Решите ионное уравнение хлорид натрия и нитрат свинца

Solving the Ionic Equation for Sodium Chloride and Lead Nitrate

To solve the ionic equation for the reaction between sodium chloride (NaCl) and lead nitrate (Pb(NO3)2), we need to first write the balanced molecular equation and then separate the soluble ionic compounds into their respective ions.

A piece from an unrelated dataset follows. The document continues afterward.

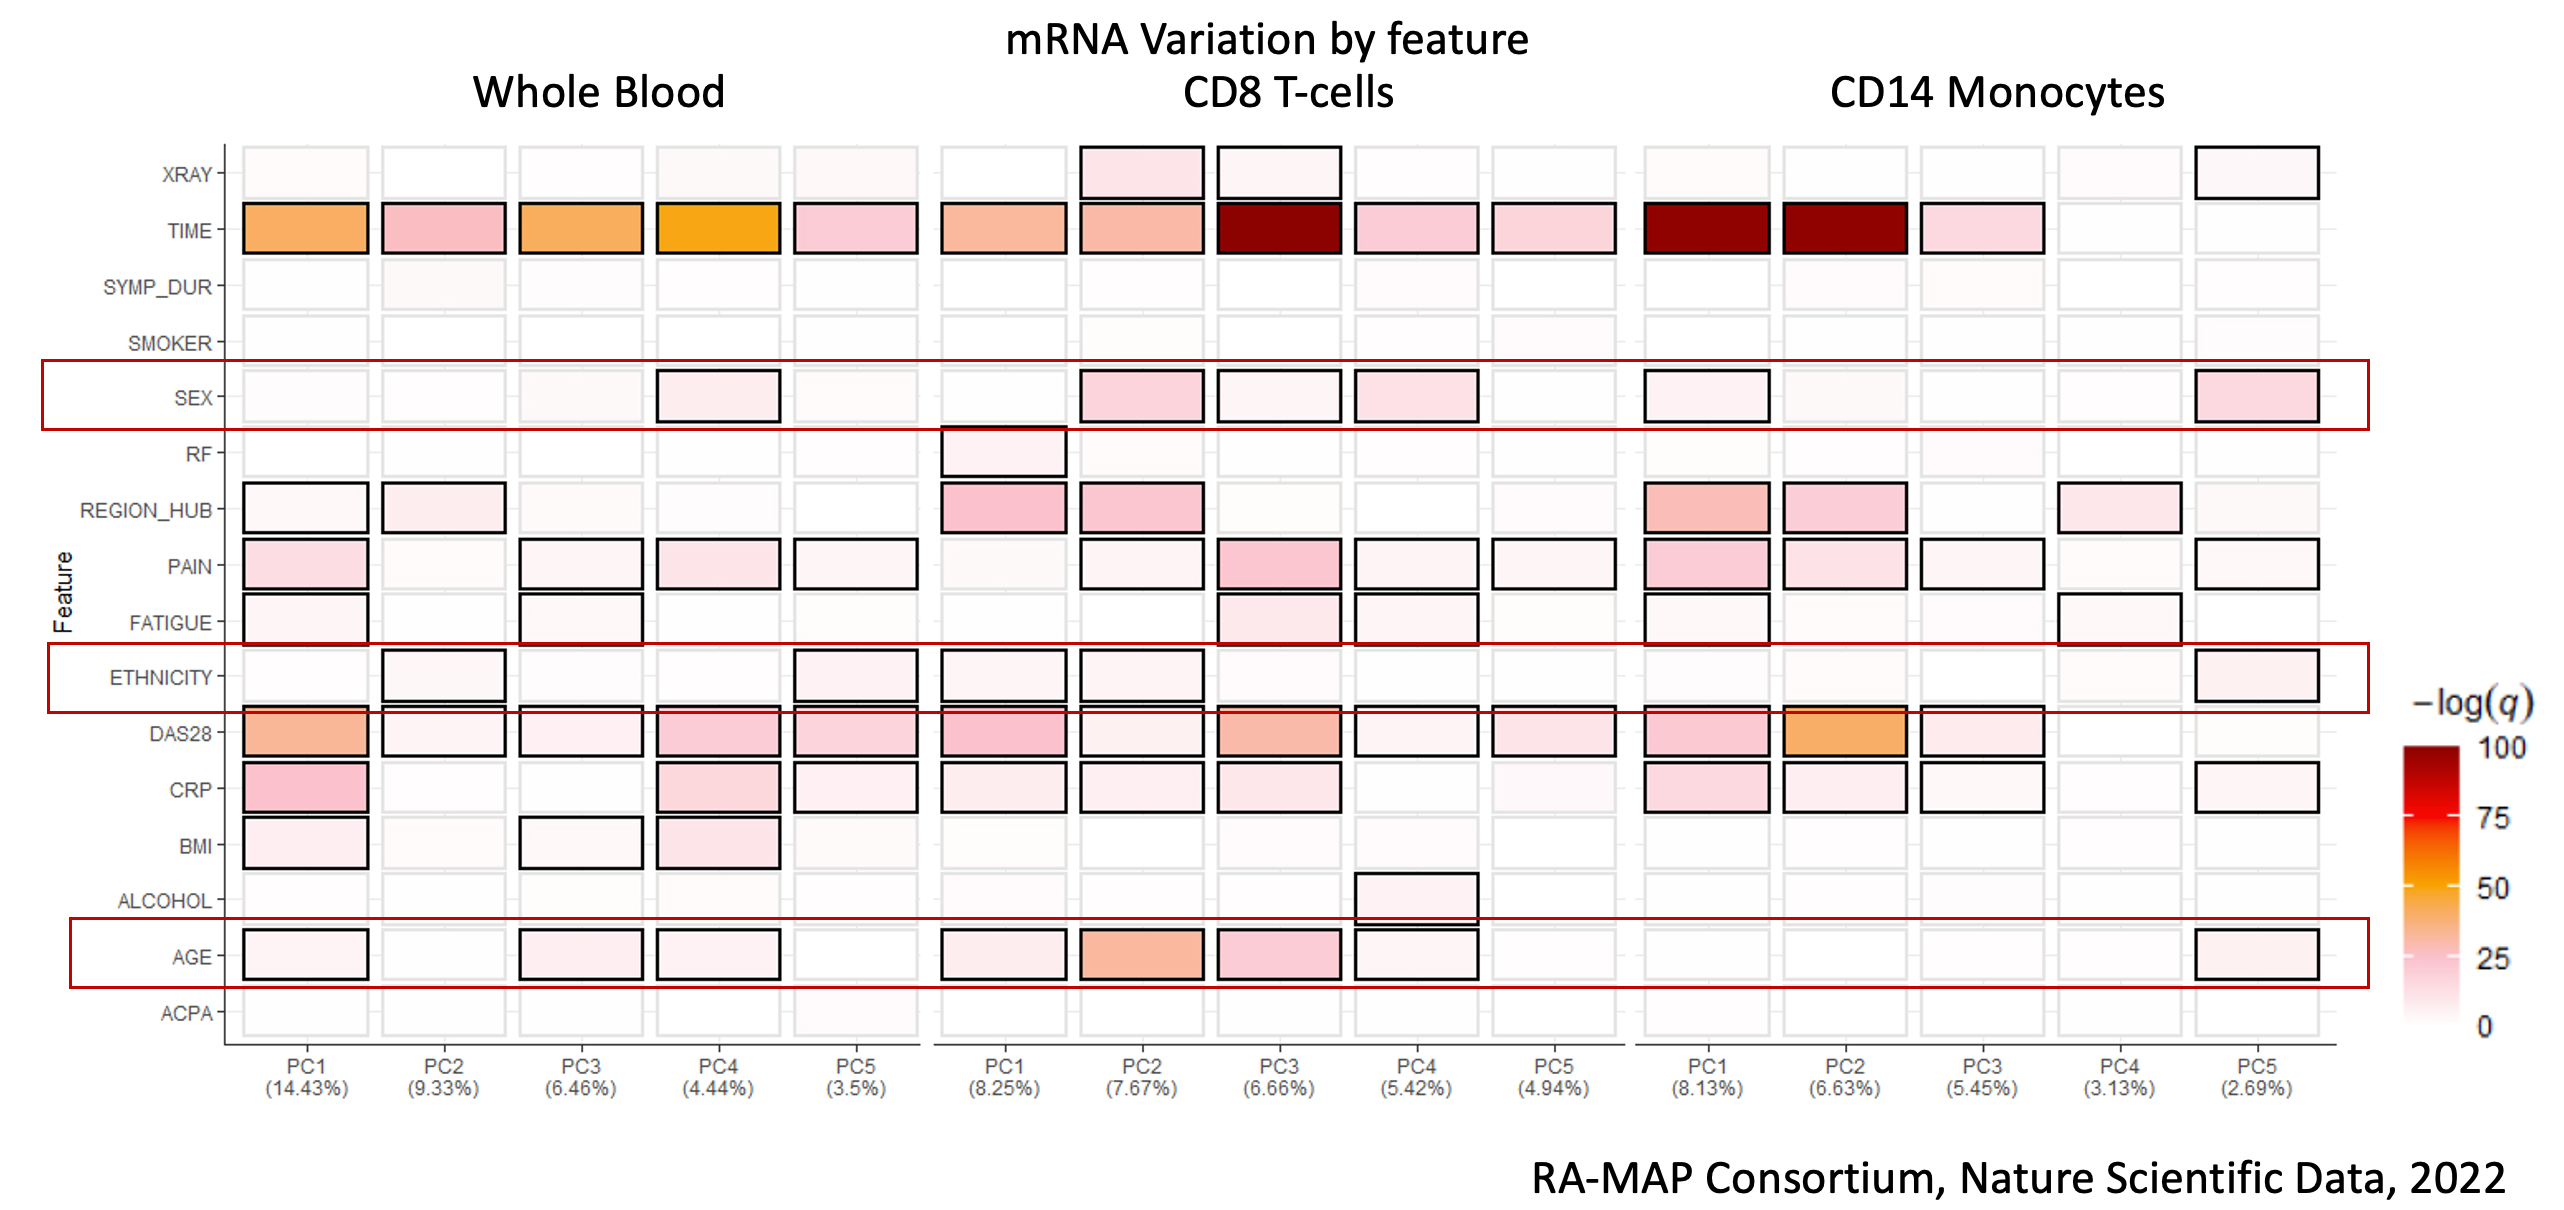 Image of Unsupervised PCA Driver analysis of mRNA for whole blood, CD8 T-cells and CD14 Monocytes, showing that the clinical features Sex, Ethnicity and Age have some degree of association with principal components 1-5. . 
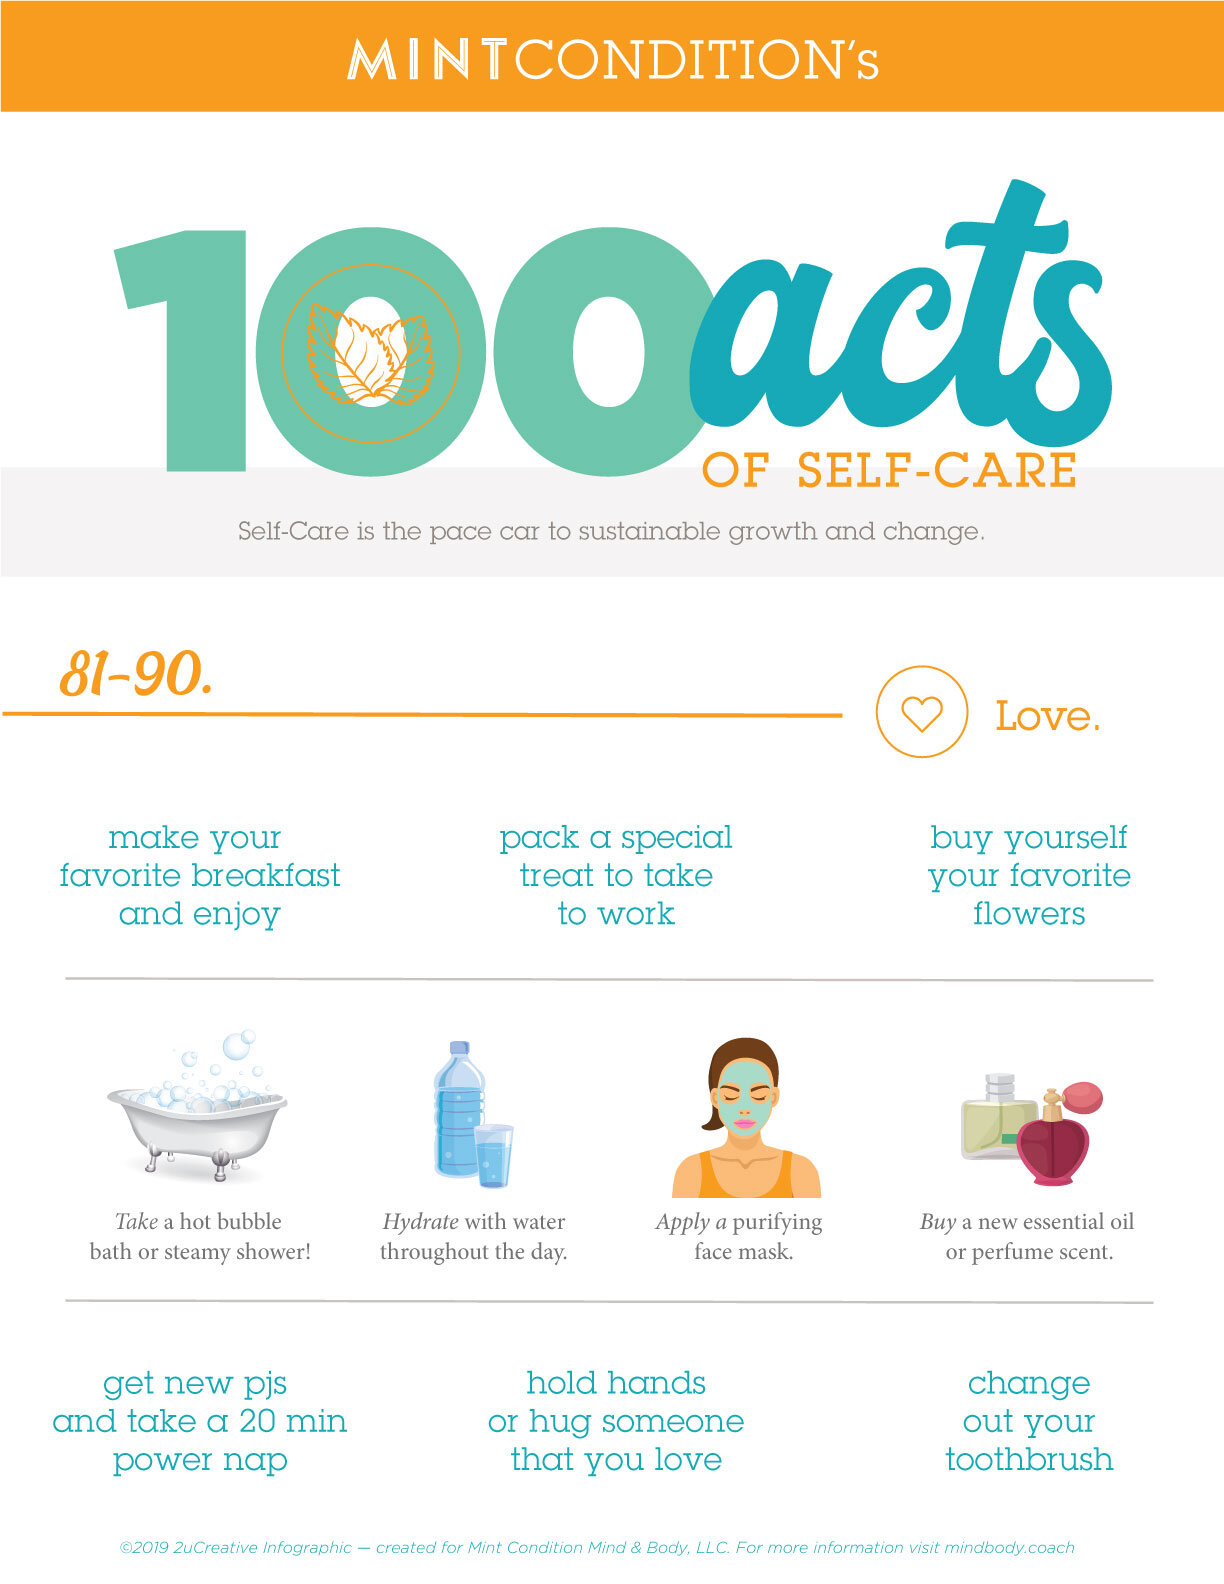 100-acts-infographics-81-90.jpg

Step 1: Writing the Balanced Molecular Equation The balanced molecular equation for the reaction between sodium chloride and lead nitrate is: ``` 2NaCl + Pb(NO3)2 → 2NaNO3 + PbCl2 ```

Step 2: Separating the Soluble Ionic Compounds into Ions In the balanced molecular equation, sodium chloride and lead nitrate are both soluble ionic compounds. When they dissociate in water, they form ions. The dissociation of these compounds is as follows: - Sodium chloride (NaCl): NaCl → Na⁺ + Cl⁻ - Lead nitrate (Pb(NO3)2): Pb(NO3)2 → Pb²⁺ + 2NO3⁻

Step 3: Writing the Ionic Equation Using the ions formed from the dissociation of the soluble ionic compounds, the ionic equation for the reaction between sodium chloride and lead nitrate is: ``` 2Na⁺ + 2Cl⁻ + Pb²⁺ + 2NO3⁻ → 2Na⁺ + 2NO3⁻ + PbCl2 ``` Simplifying the equation by removing the spectator ions (ions that appear on both sides of the equation), we get: ``` 2Cl⁻ + Pb²⁺ → PbCl2 ``` This is the ionic equation for the reaction between sodium chloride and lead nitrate.

Conclusion

The ionic equation for the reaction between sodium chloride and lead nitrate is 2Cl⁻ + Pb²⁺ → PbCl2. This equation represents the chemical reaction at the ionic level, showing the formation of lead chloride from the interaction of the ions.